Add LLM judge filter stages#2060
Conversation
Signed-off-by: Arham Mehta <arhamm@nvidia.com>
Signed-off-by: Arham Mehta <arhamm@nvidia.com>
Signed-off-by: Arham Mehta <arhamm@nvidia.com>
Signed-off-by: Arham Mehta <arhamm@nvidia.com>
Signed-off-by: Arham Mehta <arhamm@nvidia.com>
Signed-off-by: Arham Mehta <arhamm@nvidia.com>
Signed-off-by: Arham Mehta <arhamm@nvidia.com>
Signed-off-by: Arham Mehta <arhamm@nvidia.com>
Greptile SummaryThis PR adds three new
Confidence Score: 4/5Safe to merge after fixing the empty-batch path in base.py; all other logic is correct and well-tested. The empty-batch early return in nemo_curator/stages/text/llm_judge/base.py — the empty-batch guard at line 479 needs to either be removed or extended to call _write_results before returning. Important Files Changed
Sequence DiagramsequenceDiagram
participant P as Pipeline
participant S as LLMJudgeStage.process()
participant B as build_messages()
participant C as LLMClient
participant R as parse_response()
participant W as _write_results()
P->>S: DocumentBatch
S->>S: batch.to_pandas() → df
alt df.empty (bug: skips W)
S-->>P: original batch (no output columns)
else rows present
loop per row (sync or async)
S->>B: row dict
alt empty input / no condition
B-->>S: None → no_call_result()
else messages built
B-->>S: messages
S->>C: query_model(messages, model)
C-->>S: raw_response
S->>R: raw_response, row, messages
R-->>S: LLMJudgeResult(keep, score, …)
end
end
S->>W: df, results[]
W-->>S: df with keep_field, score_field, …

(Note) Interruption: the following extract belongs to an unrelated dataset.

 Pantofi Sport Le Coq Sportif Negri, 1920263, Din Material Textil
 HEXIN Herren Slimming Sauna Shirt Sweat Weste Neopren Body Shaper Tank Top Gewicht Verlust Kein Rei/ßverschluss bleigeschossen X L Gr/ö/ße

S-->>P: "new DocumentBatch (filtered if filter=True)"
end
|
Signed-off-by: Arham Mehta <arhamm@nvidia.com>
|
/ok to test |
@arhamm1, there was an error processing your request: See the following link for more information: https://docs.gha-runners.nvidia.com/cpr/e/1/ |
|
/ok to test e84fb5d |
Summary
Adds LLM-backed text judge stages for analysis, task relevance, and natural-language conditions.
Reuses existing
LLMClient,AsyncLLMClient,GenerationConfig,ProcessingStage, andDocumentBatchAPIs instead of introducing new client or execution plumbing.Preserves Curator batch metadata/stage perf, attach parse/provenance columns, and make filtering optional via score/result keep fields.
Support boundary
This PR adds pure text
ProcessingStageimplementations and mocked unit coverage only.It does not add a new model server, Ray Serve/Dynamo endpoint, Xenna backend, or full-corpus workflow.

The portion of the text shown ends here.